*** Block opens ***
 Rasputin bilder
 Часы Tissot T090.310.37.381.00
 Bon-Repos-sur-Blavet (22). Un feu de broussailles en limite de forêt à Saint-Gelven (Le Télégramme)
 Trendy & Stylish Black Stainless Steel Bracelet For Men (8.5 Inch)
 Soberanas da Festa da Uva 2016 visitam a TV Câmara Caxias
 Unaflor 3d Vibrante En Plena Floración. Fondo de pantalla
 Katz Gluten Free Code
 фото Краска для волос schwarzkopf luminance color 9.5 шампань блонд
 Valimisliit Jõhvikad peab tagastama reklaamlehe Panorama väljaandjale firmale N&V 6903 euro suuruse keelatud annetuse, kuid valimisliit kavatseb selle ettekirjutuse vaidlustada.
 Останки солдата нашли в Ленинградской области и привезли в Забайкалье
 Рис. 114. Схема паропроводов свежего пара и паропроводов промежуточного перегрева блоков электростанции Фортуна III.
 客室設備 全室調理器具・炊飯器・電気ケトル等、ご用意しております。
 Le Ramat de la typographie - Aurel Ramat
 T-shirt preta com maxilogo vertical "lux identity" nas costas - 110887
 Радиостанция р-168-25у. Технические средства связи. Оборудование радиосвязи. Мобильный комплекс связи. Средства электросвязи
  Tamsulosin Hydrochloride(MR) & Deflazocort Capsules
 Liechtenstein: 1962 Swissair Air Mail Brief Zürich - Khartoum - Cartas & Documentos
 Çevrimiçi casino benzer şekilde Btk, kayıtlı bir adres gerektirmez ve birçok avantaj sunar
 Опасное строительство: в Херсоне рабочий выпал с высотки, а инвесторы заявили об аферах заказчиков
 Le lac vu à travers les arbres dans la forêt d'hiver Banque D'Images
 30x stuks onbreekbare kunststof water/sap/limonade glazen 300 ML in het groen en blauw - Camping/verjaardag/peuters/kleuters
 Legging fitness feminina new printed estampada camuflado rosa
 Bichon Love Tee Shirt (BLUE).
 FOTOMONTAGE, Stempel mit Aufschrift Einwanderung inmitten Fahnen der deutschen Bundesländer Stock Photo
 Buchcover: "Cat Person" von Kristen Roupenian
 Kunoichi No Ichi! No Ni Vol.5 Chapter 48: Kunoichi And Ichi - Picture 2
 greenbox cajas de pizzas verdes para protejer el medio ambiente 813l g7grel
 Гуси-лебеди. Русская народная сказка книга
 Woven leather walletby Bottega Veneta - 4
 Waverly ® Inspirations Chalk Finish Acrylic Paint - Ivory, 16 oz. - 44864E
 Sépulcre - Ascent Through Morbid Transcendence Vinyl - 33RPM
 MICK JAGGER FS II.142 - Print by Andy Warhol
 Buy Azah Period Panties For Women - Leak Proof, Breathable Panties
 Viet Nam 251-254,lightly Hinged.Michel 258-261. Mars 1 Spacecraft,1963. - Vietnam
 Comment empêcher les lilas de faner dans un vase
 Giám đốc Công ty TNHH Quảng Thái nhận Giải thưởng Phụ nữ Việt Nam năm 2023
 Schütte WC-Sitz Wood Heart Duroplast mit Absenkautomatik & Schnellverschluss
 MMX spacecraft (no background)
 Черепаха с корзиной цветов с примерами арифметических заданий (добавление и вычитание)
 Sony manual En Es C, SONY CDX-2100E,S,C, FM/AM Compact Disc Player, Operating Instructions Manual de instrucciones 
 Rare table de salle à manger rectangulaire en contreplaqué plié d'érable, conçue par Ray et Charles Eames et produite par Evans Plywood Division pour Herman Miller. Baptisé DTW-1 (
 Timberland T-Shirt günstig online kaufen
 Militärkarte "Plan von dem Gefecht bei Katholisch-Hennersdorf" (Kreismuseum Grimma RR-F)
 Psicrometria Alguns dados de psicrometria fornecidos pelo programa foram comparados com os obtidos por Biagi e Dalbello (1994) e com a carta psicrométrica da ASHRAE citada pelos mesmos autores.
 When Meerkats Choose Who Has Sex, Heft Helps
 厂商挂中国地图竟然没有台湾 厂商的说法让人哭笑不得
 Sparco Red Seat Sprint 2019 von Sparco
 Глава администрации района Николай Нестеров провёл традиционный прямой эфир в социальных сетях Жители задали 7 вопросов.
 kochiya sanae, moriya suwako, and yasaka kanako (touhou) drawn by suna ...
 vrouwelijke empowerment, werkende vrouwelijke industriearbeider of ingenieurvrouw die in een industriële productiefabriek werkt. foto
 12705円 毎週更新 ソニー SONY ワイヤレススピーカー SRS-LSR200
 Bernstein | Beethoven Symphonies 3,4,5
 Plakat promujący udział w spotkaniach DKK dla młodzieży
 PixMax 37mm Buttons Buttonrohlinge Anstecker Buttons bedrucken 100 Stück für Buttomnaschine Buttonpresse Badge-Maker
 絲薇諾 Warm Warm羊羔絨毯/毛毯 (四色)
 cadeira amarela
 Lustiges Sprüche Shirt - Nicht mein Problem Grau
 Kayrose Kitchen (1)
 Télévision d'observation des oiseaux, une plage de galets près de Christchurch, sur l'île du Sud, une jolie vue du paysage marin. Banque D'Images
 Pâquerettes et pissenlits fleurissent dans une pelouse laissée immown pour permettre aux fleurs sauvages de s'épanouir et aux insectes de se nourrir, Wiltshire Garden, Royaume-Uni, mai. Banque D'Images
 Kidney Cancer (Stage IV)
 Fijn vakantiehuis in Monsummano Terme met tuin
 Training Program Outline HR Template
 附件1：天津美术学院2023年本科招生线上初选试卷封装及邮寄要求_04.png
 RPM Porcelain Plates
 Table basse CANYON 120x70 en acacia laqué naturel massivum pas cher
*** Block closes ***
TASK DETAILS
Determine how many lines of the entries hold "forêt", and reply with that number only.

TASK SOLUTION
2